PetaMem has asked for the wisdom of the Perl Monks concerning the following question:

Hi Monks,

this one is certainly a little difficult/hairy/tricky and I'm aware, that there probably can't be a definitive answer. In fact, I had a hard time of even deciding whether to put this into Seekers or Meditations.

I'll need a function that will return either a "genericity" - or - "specifity" of a regular expression. The idea is, that according to a measure of "specifity", the following regular expressions are sorted from the most specific to the most generic:

1) \AHi\z 2) \AHi 3) Hi 4) \b(Hi(ya)?|Hello|Greetings)\b 5) (Hi(ya)?|Hello|Greetings) 6) .*

So in other words, a regular expression is more specific than another, if it "matches less" than that other rx. (well - and there's the problem - it is questionable if 4) isn't more specific than 3) )

Any creative ideas how to achieve this? Oh - yes and the computation of the "genericity/specifity" should be fast.
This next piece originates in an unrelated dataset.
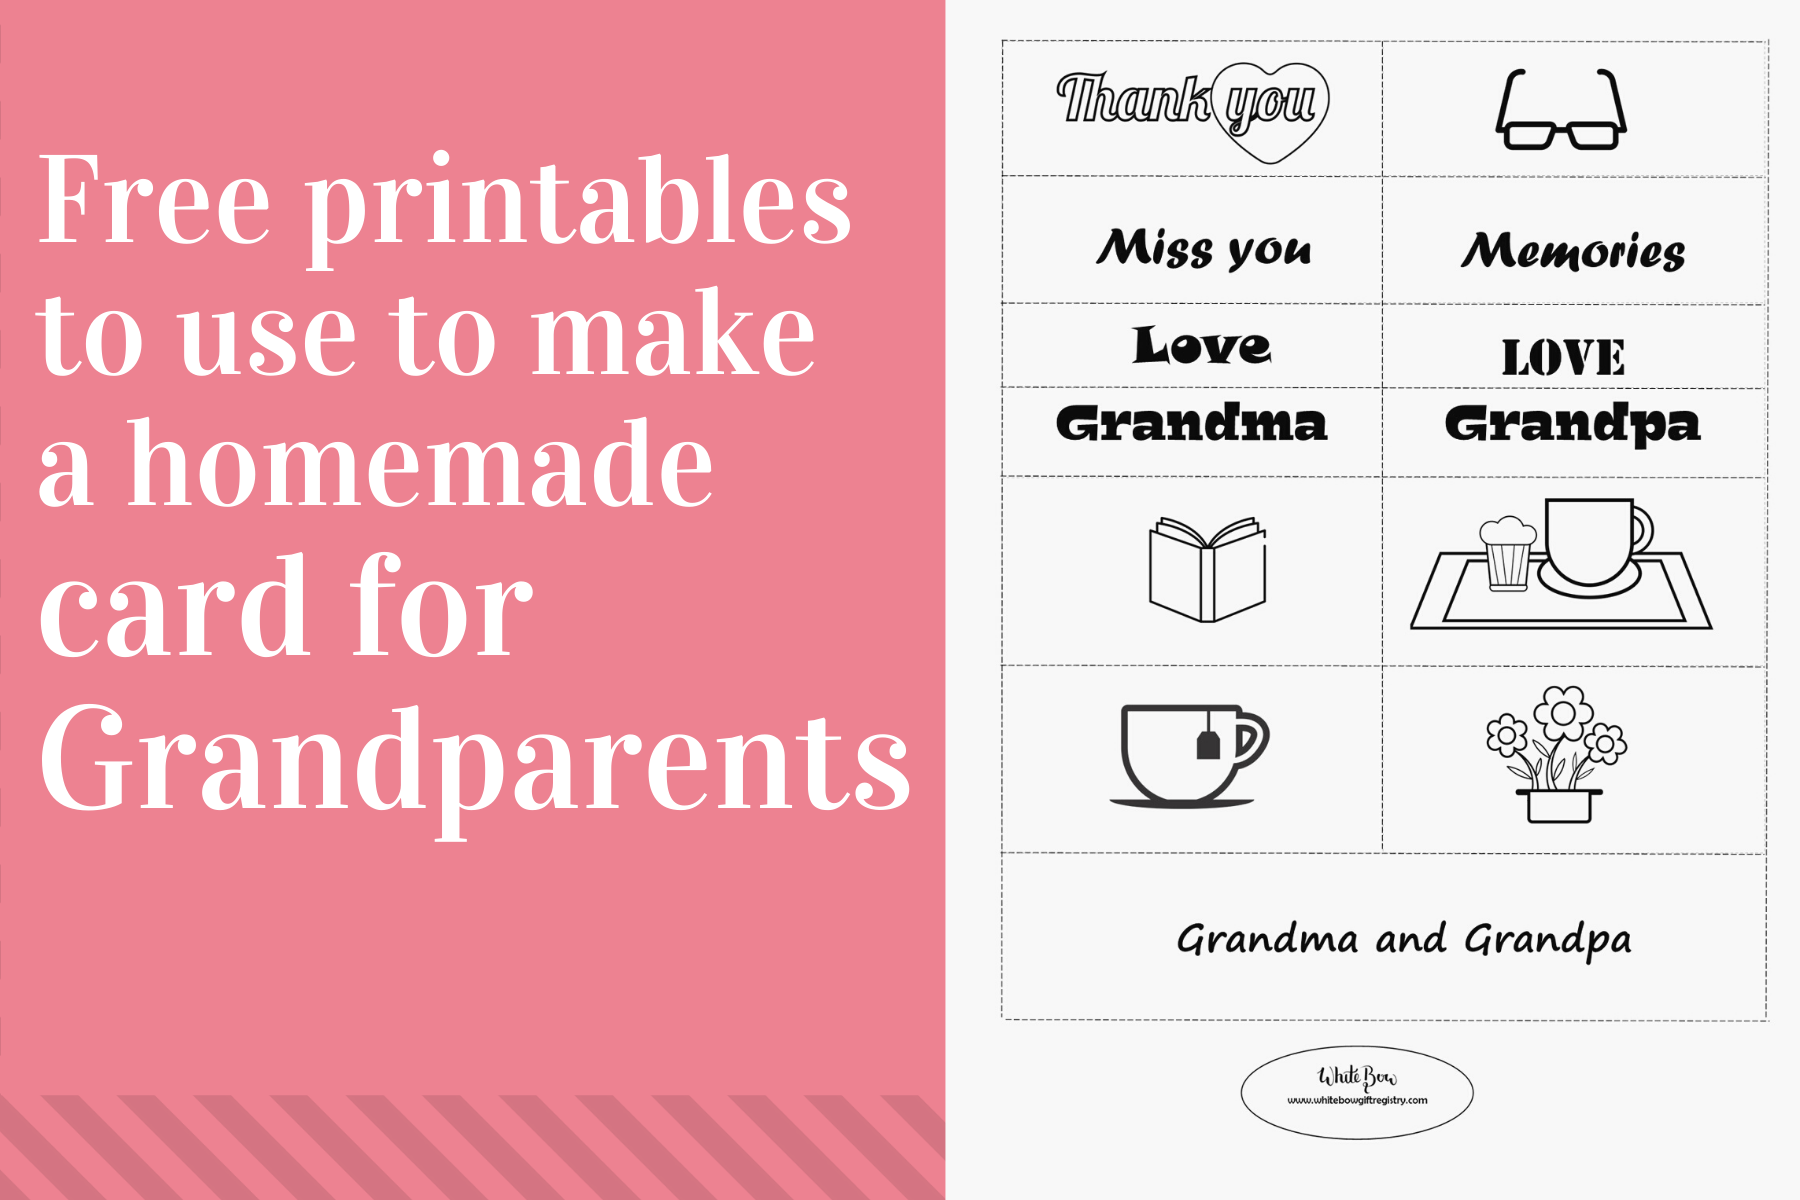 Free Printable for a card for Grandparents

The best I could come up so far was to dissect each regular expression with other regular expressions and adding/subtracting "weight" at the occurence of different metacharacters with very limited success so far.

So if anyone has a good idea or maybe a pointer to something similar that has been done before, I'd love to see that.
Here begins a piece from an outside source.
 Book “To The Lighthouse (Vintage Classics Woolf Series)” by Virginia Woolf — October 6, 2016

    All Perl:   MT, NLP, NLU

Replies are listed 'Best First'.
Re: Analysis of Regular Expressions
by Ratazong (Monsignor) on Mar 17, 2010 at 10:04 UTC

    Three possibilities on creating a regex-generality-rating come into my mind:

    1. generate all strings of a given length L and count how many are matched by the regex
    2. use the regex to calculate the number of all possible strings (up to a given length?!)
    3. do some inexact estimation

    1. would be easy to implement (generate all strings, match) - but is probably much too slow (just counting the letters and numbers would give you 26+26+10 different characters at each position of your string ...
    ... so this approach is not feasible :-(

    2. is more tricky - you need to analyze the regex, but this is possible (see the previous answers, or here for some tools for this.)
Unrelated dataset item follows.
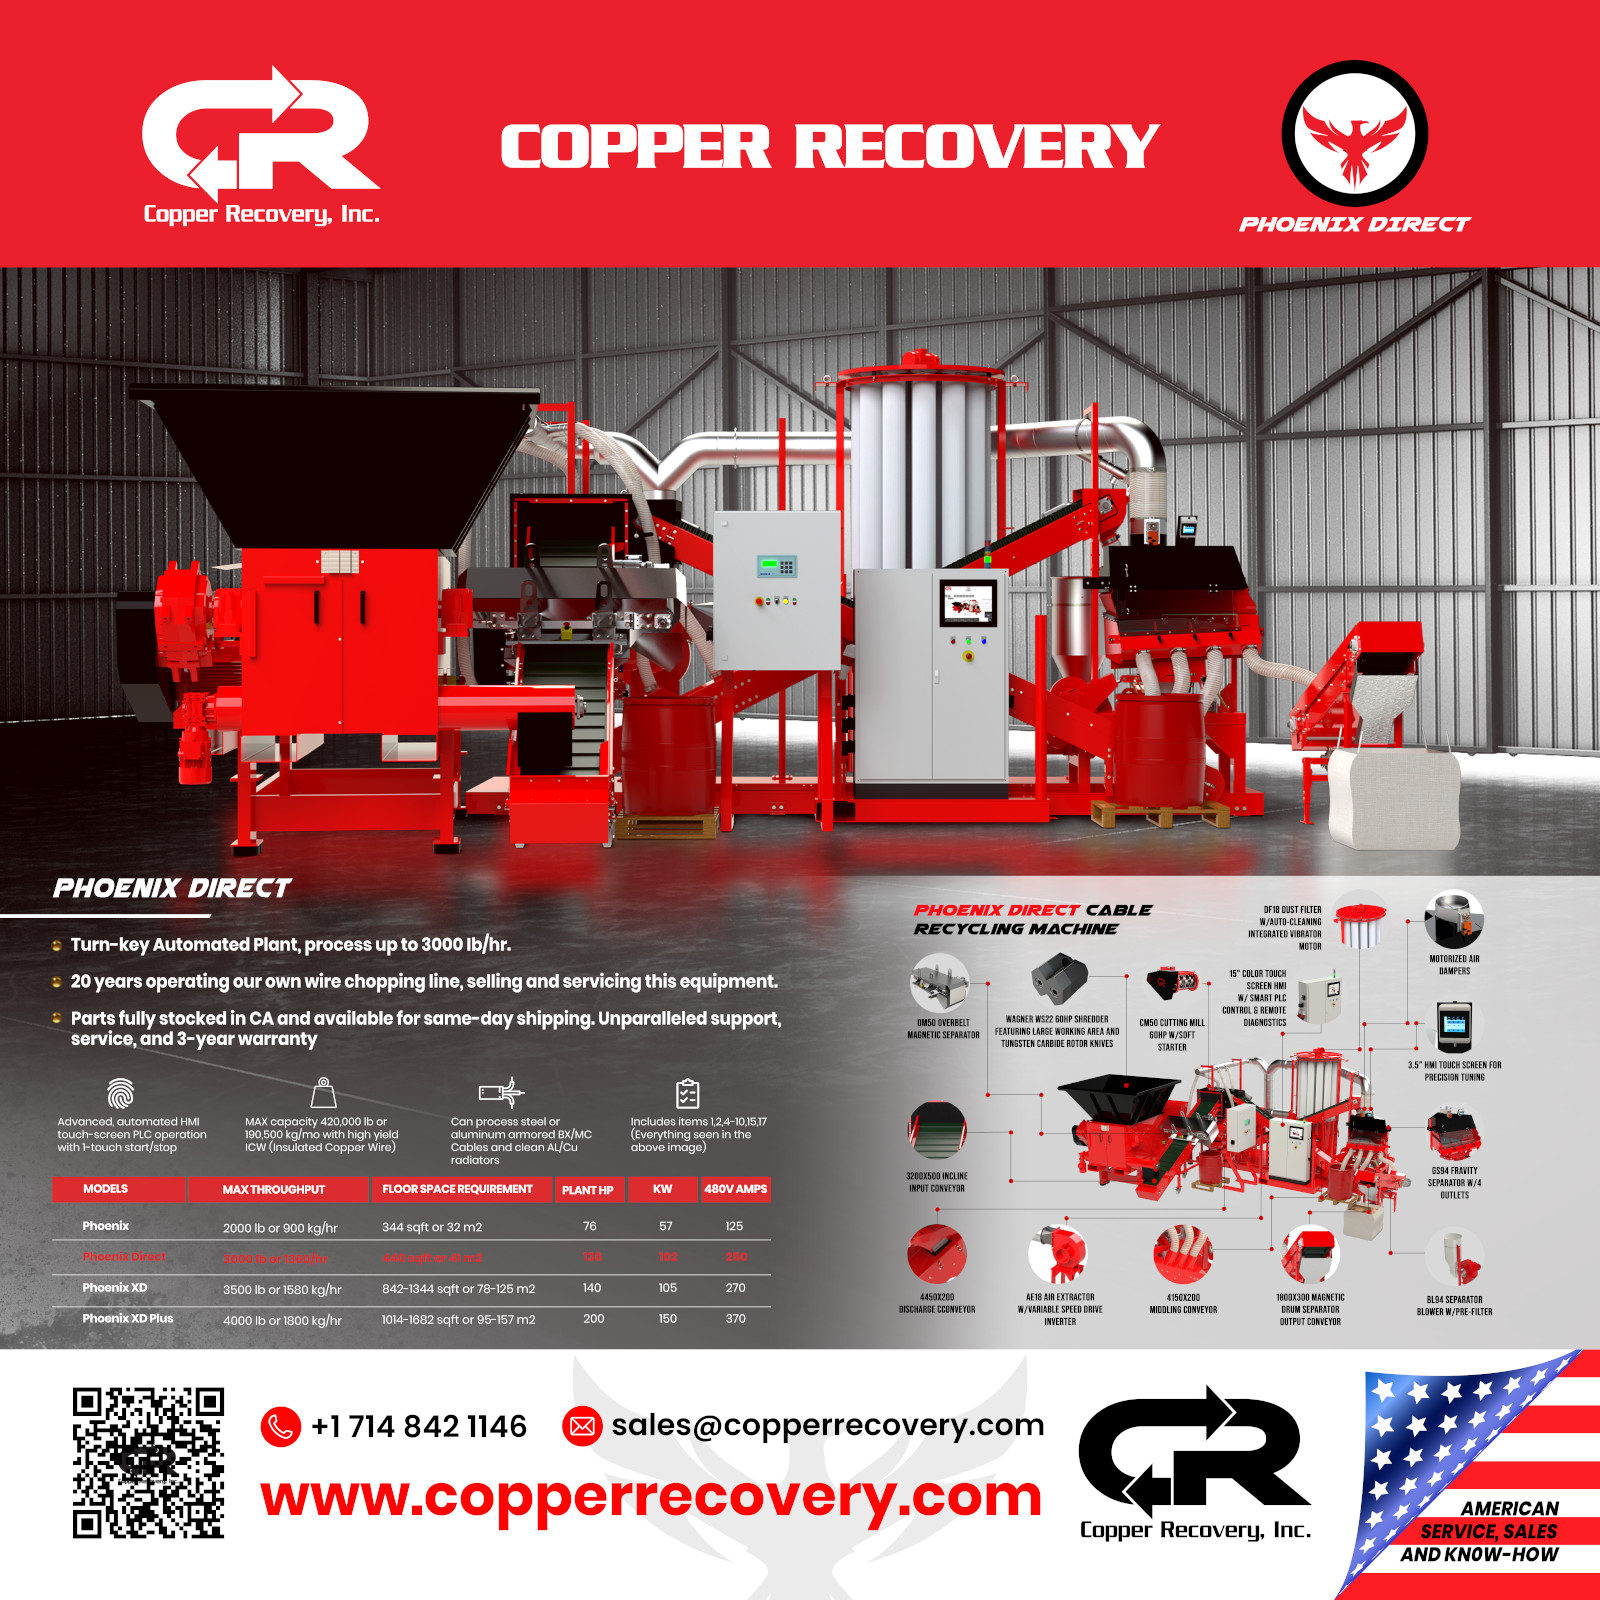 Copper Recovery Phoenix Direct

    I would then calculate two ratings for this and combine them in a suitable way (however suitable looks like ;-)

    • a freedom rating:
      • each time you encounter some freedom (e.g. a-z you multiply the rating by the # of possibilities (26 in this example)
      • this covers stutations like OR, ranges, numbers of occurences {2-5}, ? ...
    • a fixed rating:
      • this counts the number of fixed characters in the regex
      • I would use this to distinguish between "Hi" and "Hello" - having both the same "freedom", but "Hello" is more specific
    However I see some problems with this approach:
    • how to "tweak" the formula to identify that all the following are the same (and have the same rating)
      Hi = ^.*Hi = ^.*.?Hi = .*Hi.* = ^.*.?.*Hi.*$
      you might overcome this by adding "^.*" and ".*$" to your regexes before analysis ...
    • how will this work with complex regexes (e.g. lookaheads/lookbehinds or even (?{ code }) )
    • ...

    3. If I had the task you describe, I'd first check my possible input-regexes (maybe most of them are just simple?) and check if there is an issue if some are not ordered correctly. Probably it is possible to create a simplified formula that works well in most cases ...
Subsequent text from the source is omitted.